A familiar saying in business is to “work smarter, not harder”. It generally means minimizing tasks and steps, so that one can be more effective or faster with the available resources. This usually means that clever software is written that gets the entire job done. However, requirements change over time and especially with larger projects further along in development, this means that exceptions and workarounds are written to handle the changing workload. In addition, the original team will head off to new challenges and personnel turnover causes multiple handovers, reducing knowledge at each instance.
The gordian knot
If the solution is stable and no new requirements are made, like bronze statues, the solution gains a patina, and knowledge of the features diminishes until a black box with the old pains of the process is left. If development is ongoing, the latest team, through no fault of their own, often lacks the bigger picture and quick fixes are chosen until what once was a beautiful tapestry becomes a Gordian knot.
Eventually, a sword is taken to the knot, and pandora’s little black box is opened for analysis to build the replacement. The old system becomes a legacy system while some smart people start working on the next clever system. As the French say: “L’histoire se répète”.
This cycle is largely unavoidable, new platforms and approaches arise all the time and sometimes a complete replacement is unavoidable. It can however be delayed. Any experienced developer who is also a perfectionist learns that although the code may be concise and elegant, it also needs to be maintainable. Write a bit more code to avoid having to reconceptualize the purpose and ramifications later when modifications are needed. The same principle applies to the application at large. The smart solution is not the best solution if a random next developer cannot oversee the consequences you considered when writing it. I can hear you think “Document!” but documentation takes time, is rarely kept up to date, and is only read in its entirety by the team creating it. When the considered consequences are about the interaction between multiple components of the code, the information could be in various places in the documentation and perhaps not with the component that needs changing. Other issues that affect maintainability are the temptation to take a shortcut, combine different tasks into one component or have different components for the same task. Everyone knows this to be a no-no, but it is a smart fast way to do this change and we don’t have a lot of time, so it does not really count this time and we can do it right later.
the complexity of simplicity
To avoid becoming a black box or a gordian knot, you need a clear and simple design. As anyone who has tried explaining love to a 5-year-old knows, keeping things simple is one of the hardest things to do. Clearly explicitly defined responsibilities and tasks for each step in the process helps. With multiple developers, opinions on where a task should be done can differ, a good design takes that away. A design that endeavors to have one way of working prevents multiple solutions to the same problem. This does not mean that there are no exceptions, but exceptions feedback into the main process as soon as possible, even if they must go back in the process a little.

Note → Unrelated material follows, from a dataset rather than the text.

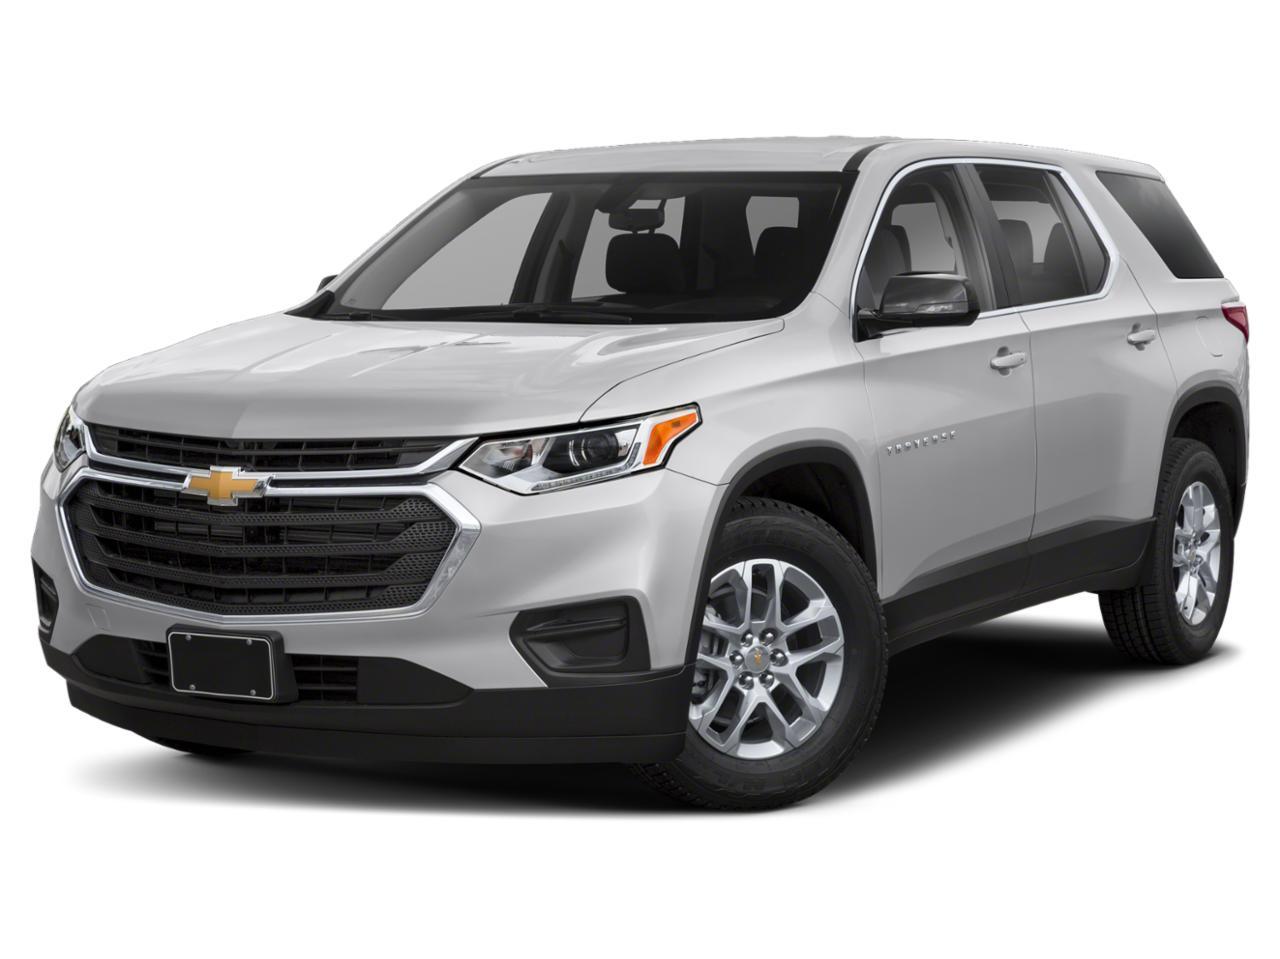 2018 Chevrolet Traverse Vehicle Photo in American Fork, UT 84003

Between steps, a good design has room for other components to be added. An open structure with room for new additions without having to bypass the design is a design that remains understandable. A good clear design will help future teams to resist the temptation for a shortcut or workaround but encourage them instead to fit their requirements in the existing structure since there is ample room for it.
Therefore, my personal motto is “don’t work harder OR smarter but work simpler.”